Improving clinical trial data on registries: lessons from Europe
The pandemic highlighted the dysfunctionalities of the global clinical trial registry system. Researchers and public health agencies were largely flying blind as they tried to discover effective treatments for Covid because registry data was often inaccurate and out of date, and trial results were not rapidly made available.
As a result, everyone lost out: patients received treatments based on patchy evidence, researchers wasted time repeating the same studies dozens of times, and taxpayers picked up what is probably the world’s largest ever bill for medical research waste.
The European trial registry EudraCT provides an excellent case study of what can go wrong with trial registries – but also what can be improved, often at minimal cost.
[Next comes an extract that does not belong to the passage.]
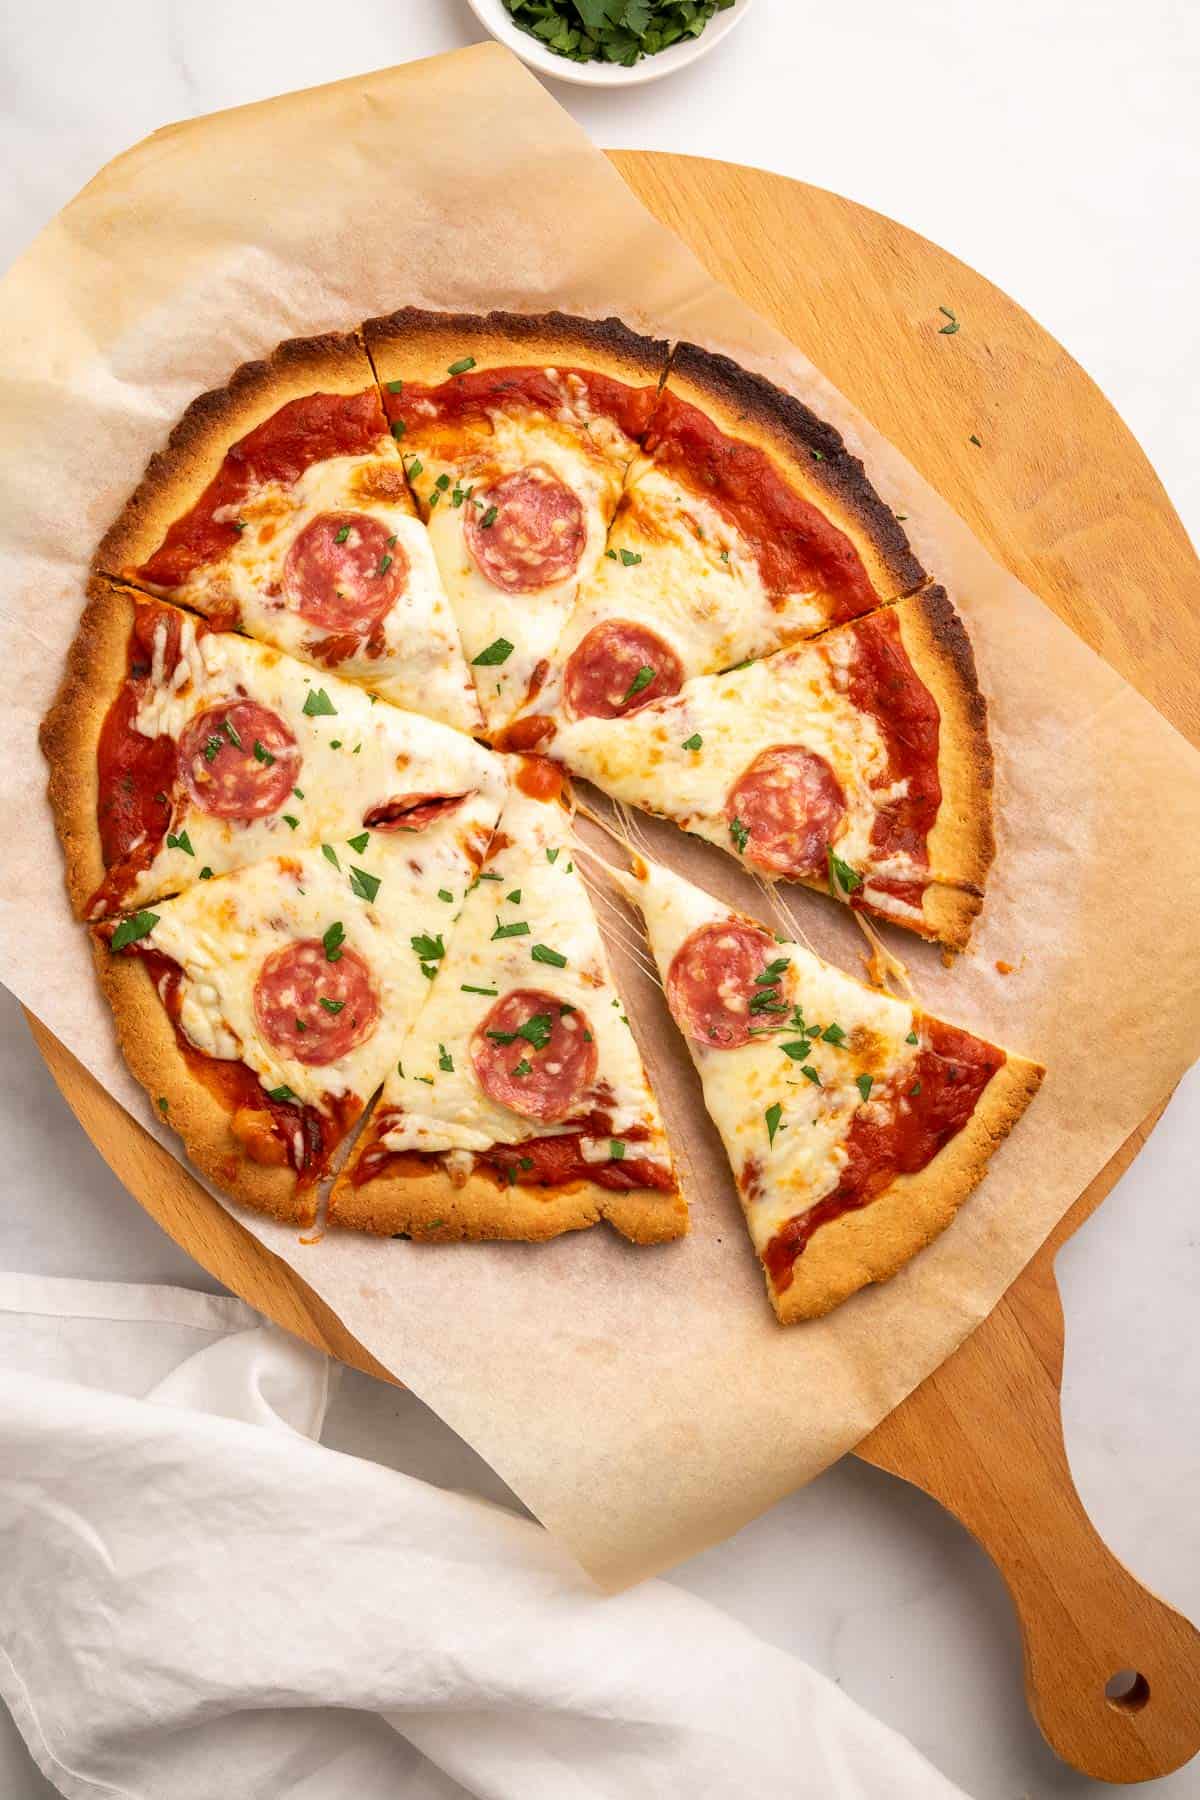 Pizza topped with sauce, cheese, pepperoni, and fresh parsley, cut into slices with one slice slightly separated from the rest

This report by Health Action International and TranspariMED discusses EudraCT’s failures, corrective actions taken, and successes, and elicits lessons learnt that are relevant to other trial registries and databases such as EUDAMED.
Ten lessons learned
Lessons learned:
1. Integrate public performance dashboards
2. Adopt automatic data integrity safeguards
3. Normalise all names
4. Integrate automated reminder functions
5. Enable ‘closing out’ of all files
6. Harmonise data across countries
7. Clearly assign responsibilities
8. Engage with small data providers
9. Instil a compliance culture from the outset
10. Actively support compliance from the outset
Read the report online or download it here:
Note: This report was originally completed in September 2021, so the performance data it cites are more than a year out of date. EudraCT data quality and quantity have considerably improved over the past year.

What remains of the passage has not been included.